Distance-based phylogenetics

A map \(d:X\times X\rightarrow {\mathbb {R}}_0^+\) is a metric if it satisfies, for all \(x,y,z\in X\):

  1. (M0)

    \(d(x,x)=0\)

  2. (M1)

    If \(d(x,y)=0\) then \(x=y\).

  3. (M2)

    \(d(x,y)=d(y,x)\).

  4. (M3)

    \(d(x,y)+d(y,z)\ge d(x,z)\).

Distance measures can be used for clustering and thus serve as a means of extracting hierarchical, i.e., tree-like, structures on a set of data.

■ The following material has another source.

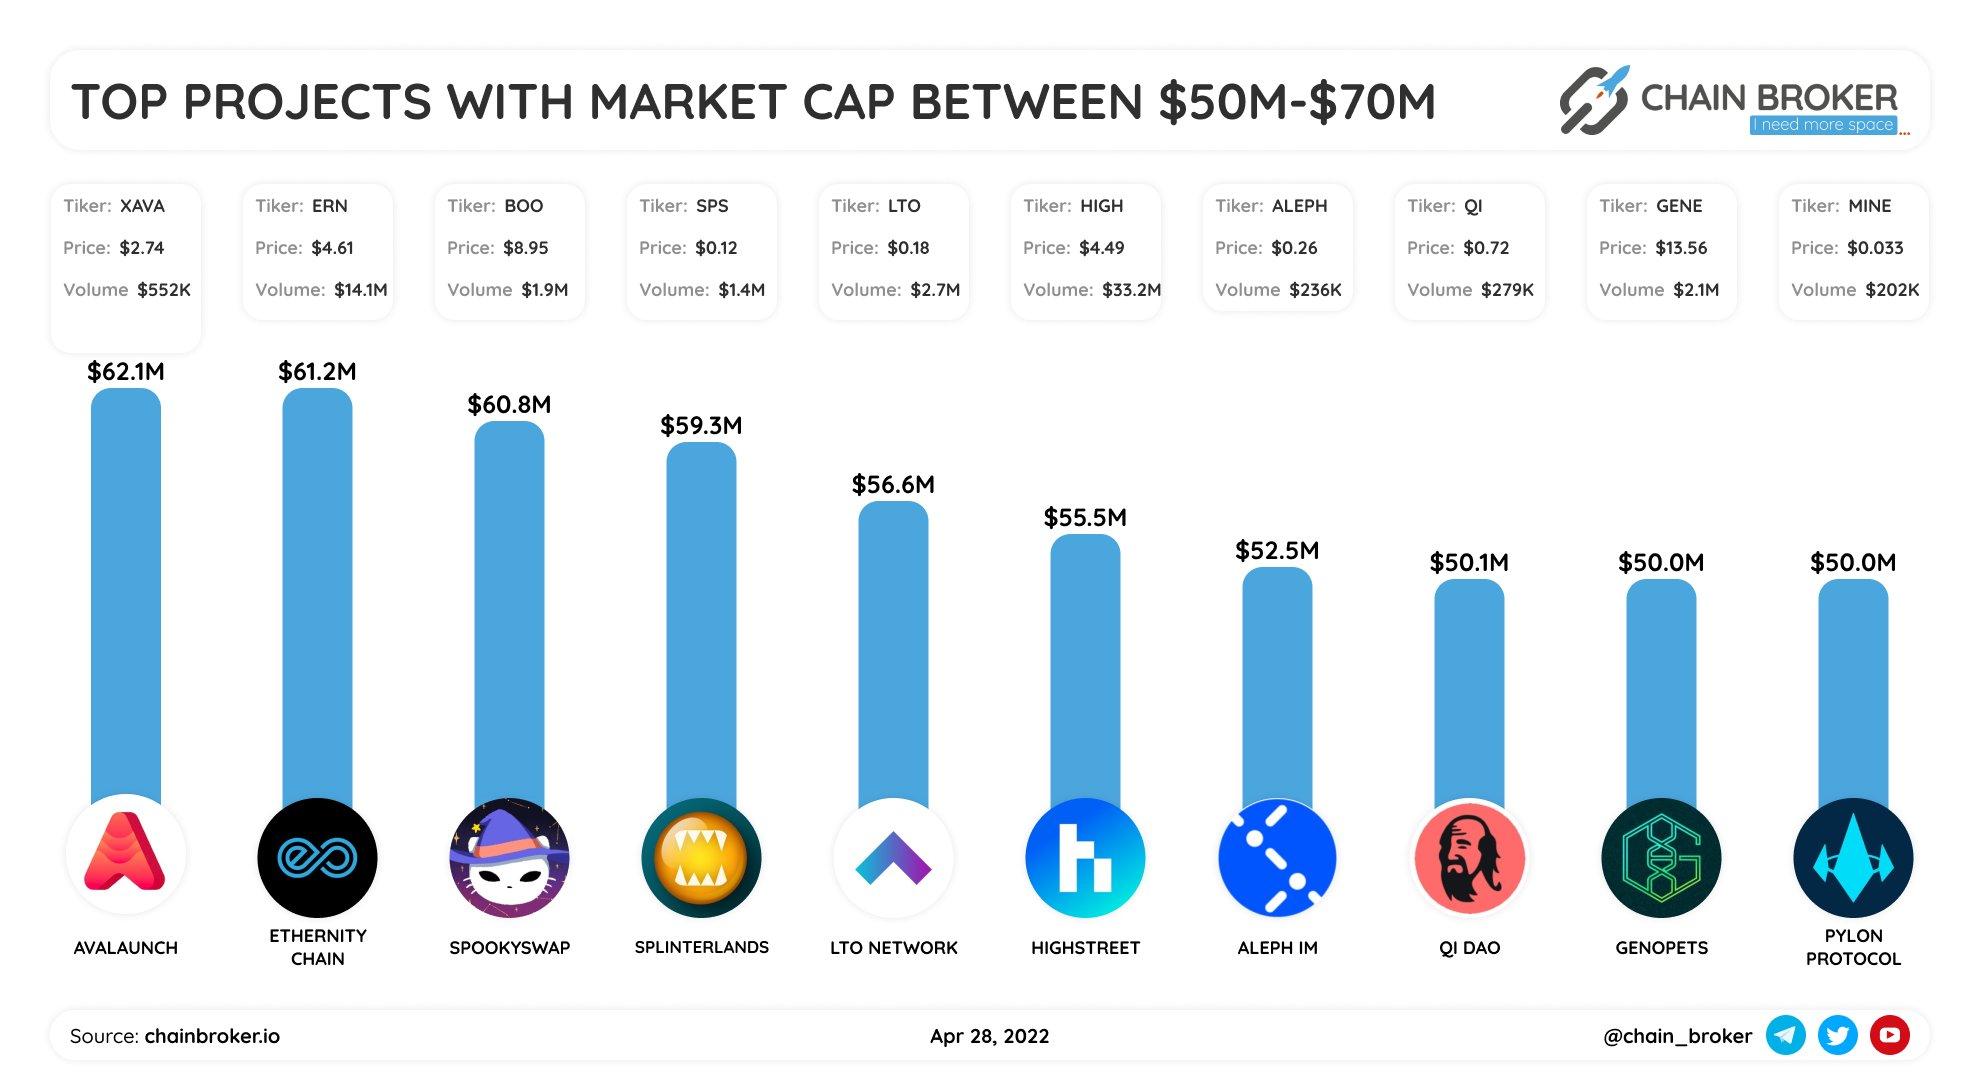 Top projects with market cap between $50M-$70M
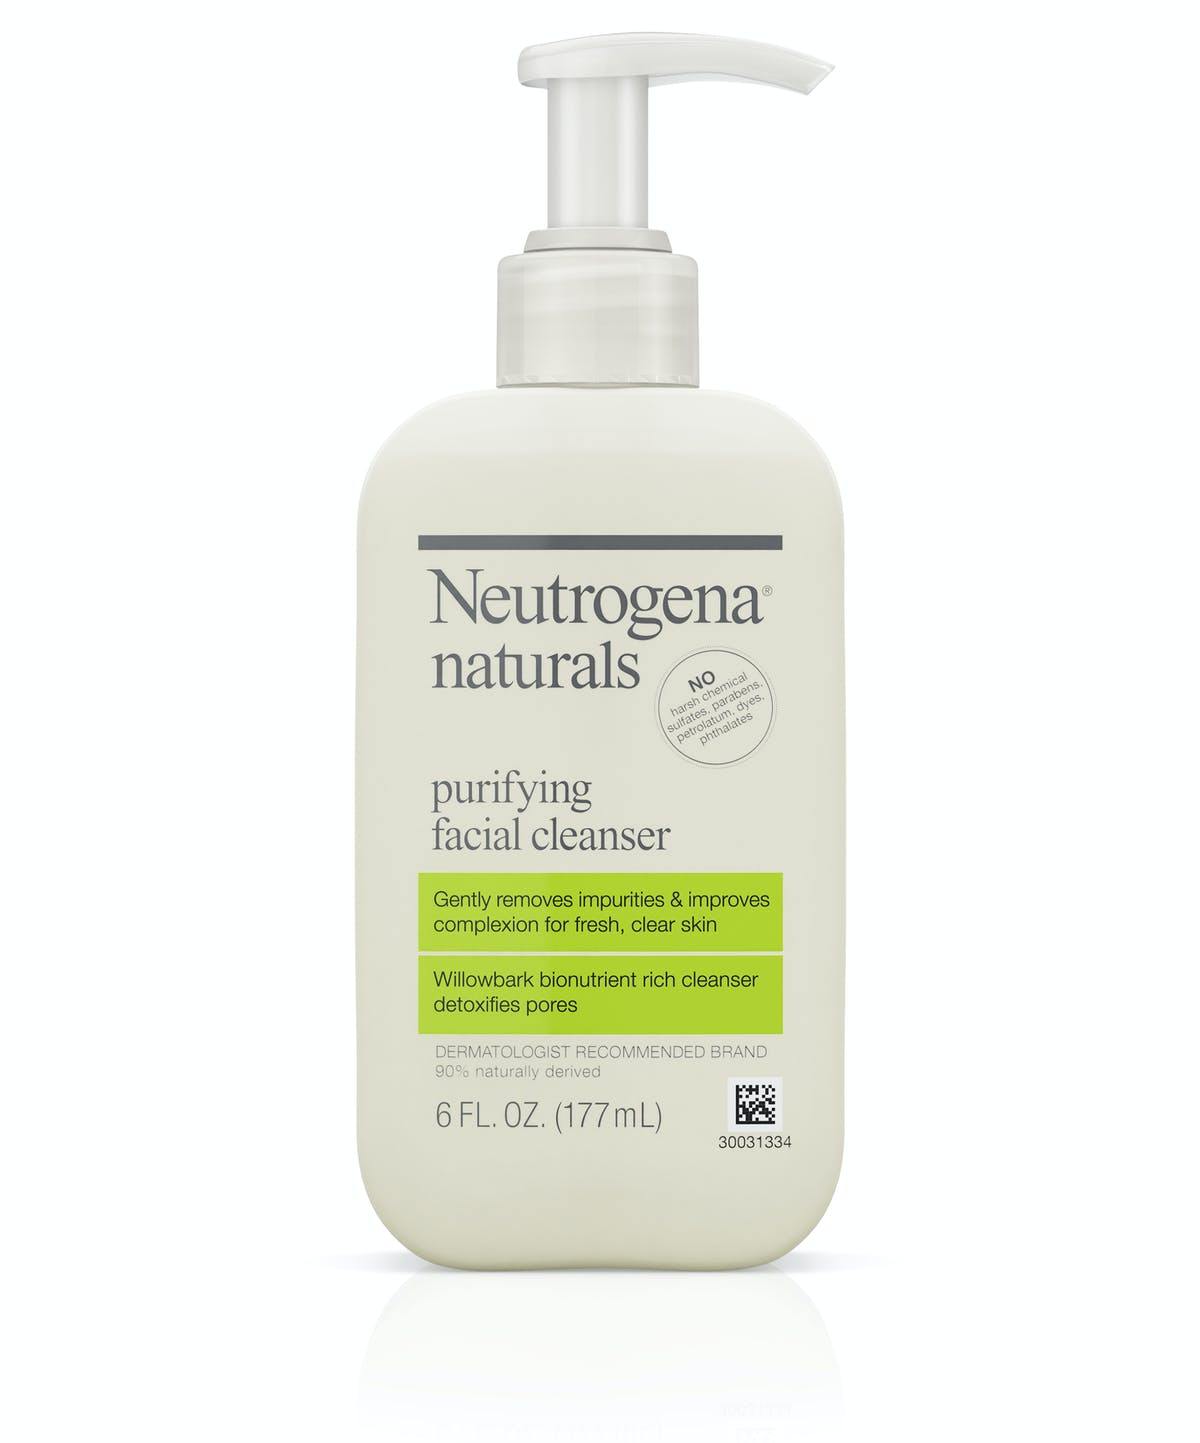 Neutrogena Natural Purifying Facial Cleanser

The basis of distance-based phylogenetic methods is additive metrics, i.e., metrics that are representations of edge-weighted trees. Consider a tree \(T\) with leaf-set \(X\) and a length function \(\ell\) defined on the edges of \(T\). Recall that every pair of leaves \(x\) and \(y\) is connected by a unique path \(\mathbf{p }_{xy}\) in \(T\). The length of this path, i.e., the sum of its edge lengths, defines the distance \(d_T(x,y)\). Additive metrics are those that derive from a tree in this manner. A famous theorem (Buneman 1974; Cunningham 1978; Dobson 1974; Simões-Pereira 1969) shows that additive metrics are characterized by the four-point condition: A metric is additive if and only if for any four points \(u,v,x,y\in X\) holds

  1. (MA)

    \(d(u,v)+d(x,y) \le \max {\left\{ \begin{array}{ll} d(u,x)+d(v,y) \\ d(u,y)+d(v,x) \end{array}\right. }.\)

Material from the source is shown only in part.